I hadn’t pried because I wanted her to tell me on her own terms. But the curiosity never left. Then again, she didn’t know much about me. We’d come into this relationship hiding who we truly were and found a new identity in each other.
Our baggage had no room to be aired. And I liked to think nothing in our past mattered. If we kept it sealed and hidden, it would eventually cease to exist. Just a distant memory.
Reaching to cup her pale cheek, I swallowed back the overwhelming love.
Her green eyes opened. Foggy at first, but the moment she recognised me, her smile beamed with affection. Affection for me. What did I ever do to deserve her?
She cleared her throat and shifted, wincing a little. “Have you held them yet?” Her voice was hushed in the quiet space only interrupted by low beeps and monitors around the room.

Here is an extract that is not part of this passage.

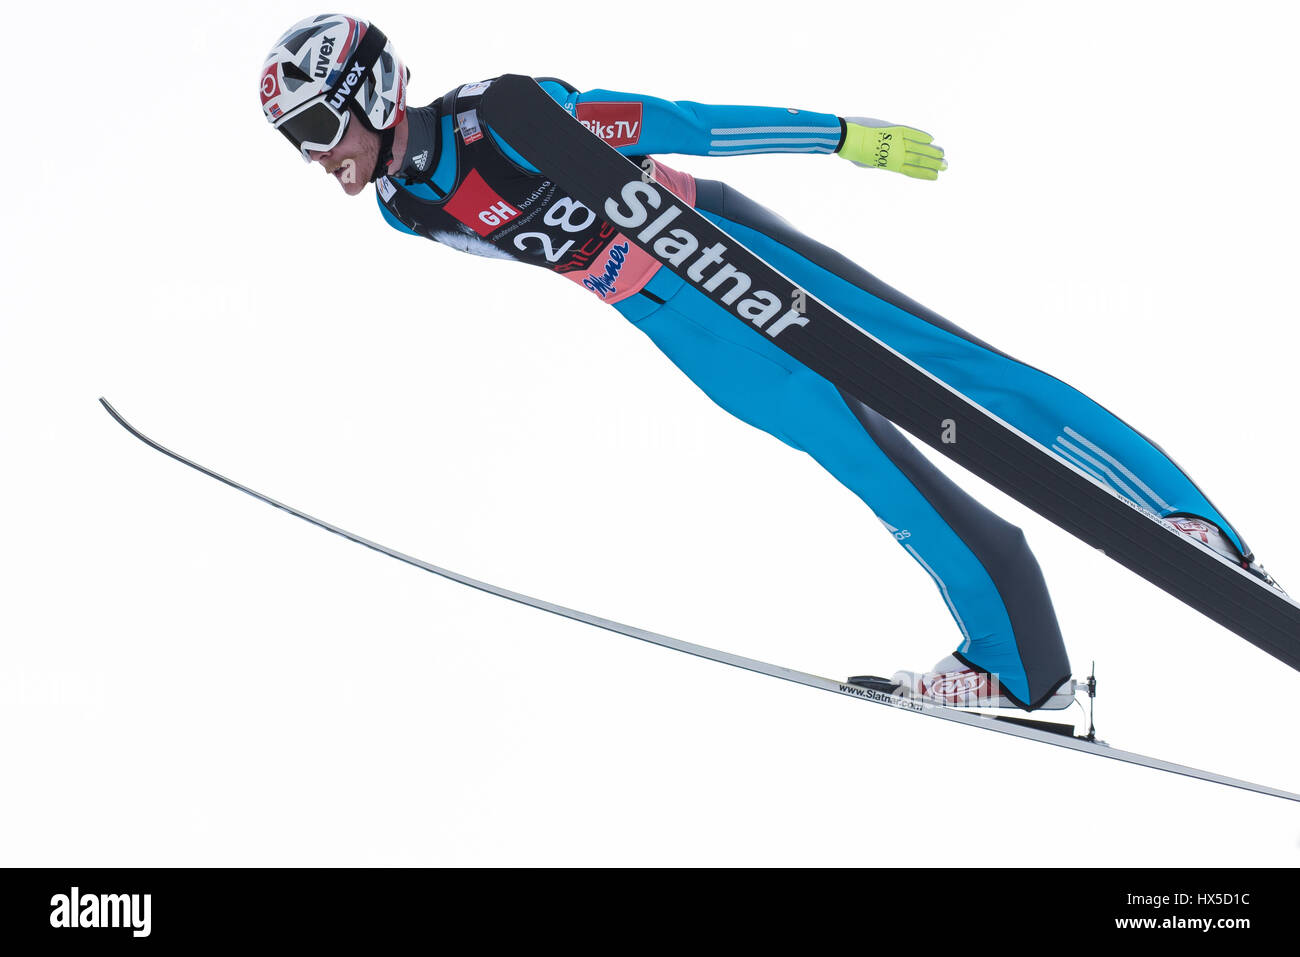 Planica, Slovenia. 24th Mar, 2017. Johansson Robert of Norway competes during Planica FIS Ski Jumping World Cup finals on March 24, 2017 in Planica, Slovenia Credit: Rok Rakun/Pacific Press/Alamy Live News Stock Photo

A flash of fear darted down my spine. Hold them. I couldn’t. The past few months had been torturous. Day by day, the conditioning grew stronger again rather than fading.
I’d hoped it would disappear the more I ignored it, but it was the exact opposite—crushing me from the inside out.
“No. I can love them from afar.” I dropped my hand to link with her fingers, tensing a little as her grip threaded with mine. The familiar, unforgiving orders radiated up my arm, coercing with commands to hurt her.
“They’re yours, Roan. You have to hold them. They need to see their father.”
I swallowed hard, looking over at the twin bassinets. The babies were barely visible in bundled up blankets. They wouldn’t be here if I hadn’t made Zel my handler.
Not a day passed that I didn’t thank my fucking genius plan at giving her power over me.